# Family Fun



## mdavlee (Jun 12, 2012)

We took a trip over to my grandpas farm this past weekend. Got to take the little girl fishing for the first time. She reeled this one in on her own. I was afraid the fish might pull the pole out of her hands but she held on and some of these blue gills gave a good fight. She said he's little but he's a fighter and I caughts a fish.












I bought the wife a nice savage 22 wmr so she could get into shooting. Here's a 5 shot group she shot in the 2nd box of 50 ammo. She didn't do too bad for her first day shooting a scoped rifle. The big center target had so many holes I lost track of what she shot and which ones were which gun.


----------



## jdc123 (Jun 13, 2012)

Good job passing it on to the next generation, and getting your wife involved in shooting.


----------



## mdavlee (Jun 13, 2012)

I got her into shooting now and she wants a pistol to target shoot. We're going to get the little one a cricket now. She's jealous mommy and daddy have guns and she doesn't.:msp_biggrin:


----------



## CrappieKeith (Jun 13, 2012)

Another great story....more fish have been caught on snoopy poles....

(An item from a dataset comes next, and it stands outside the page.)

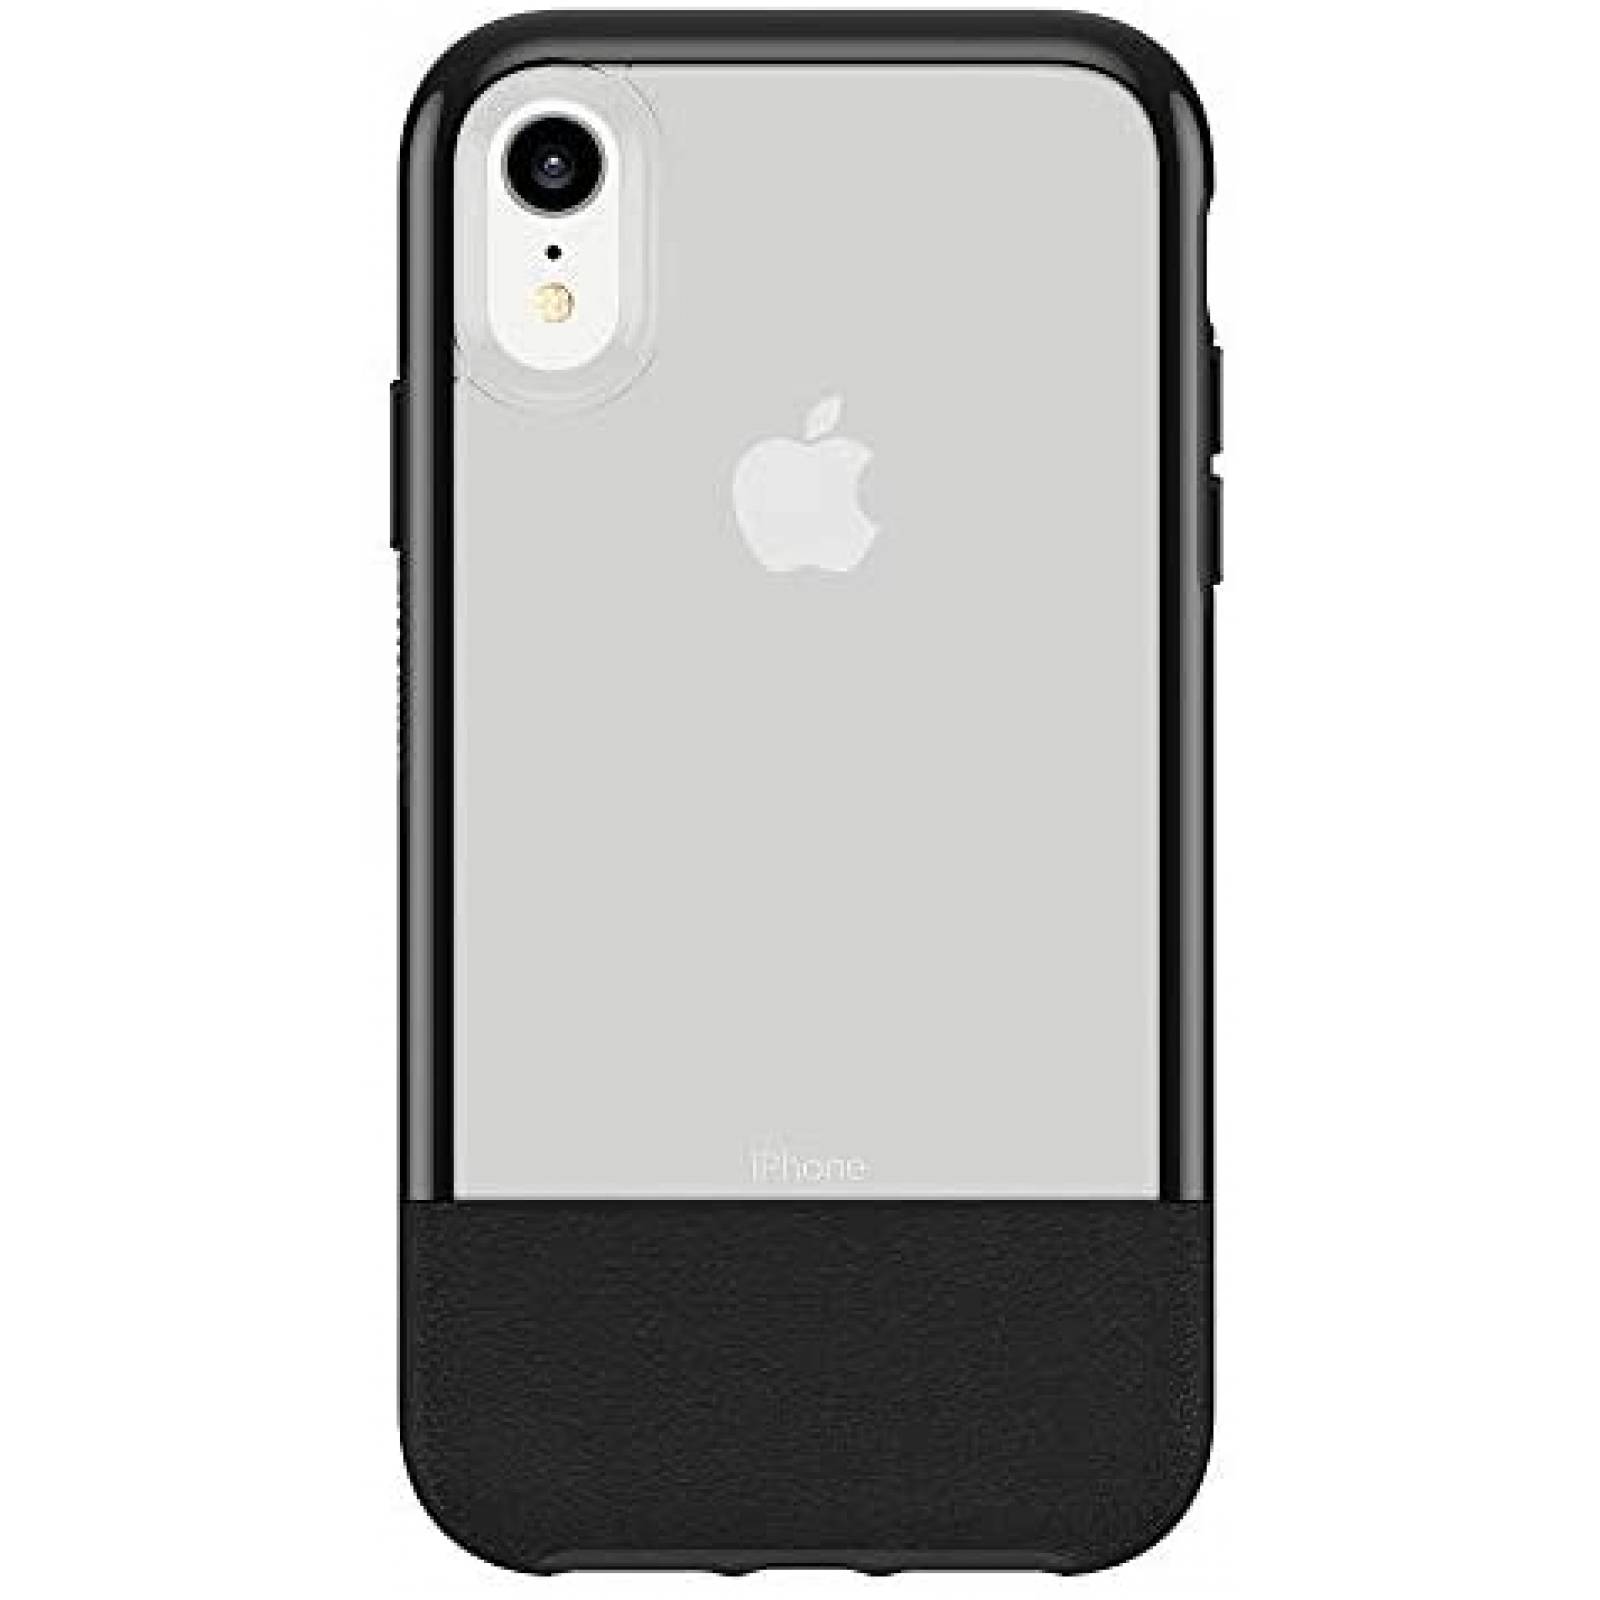 Funda Protectora OtterBox IPhone XR Diseño Simple -Negra

Good to see the family enjoying themselves...really good.
1 more thing...rep sent ...that was a dandy bull gill.


----------



## mdavlee (Jun 13, 2012)

Well we just got back from the gun shop with the little ones rifle. She wants to go shoot right now.


----------



## Toddppm (Jun 13, 2012)

That's awesome! Tell her that's a good sized fish!


----------



## Laroo (Jun 15, 2012)

Good on ya, I like to see the little ones catch fish, however I've always been a bit hesitant about teaching the wife to handle and shoot a gun. Always afraid she would use it on me in one of my moments of brilliance!!!:msp_scared:


----------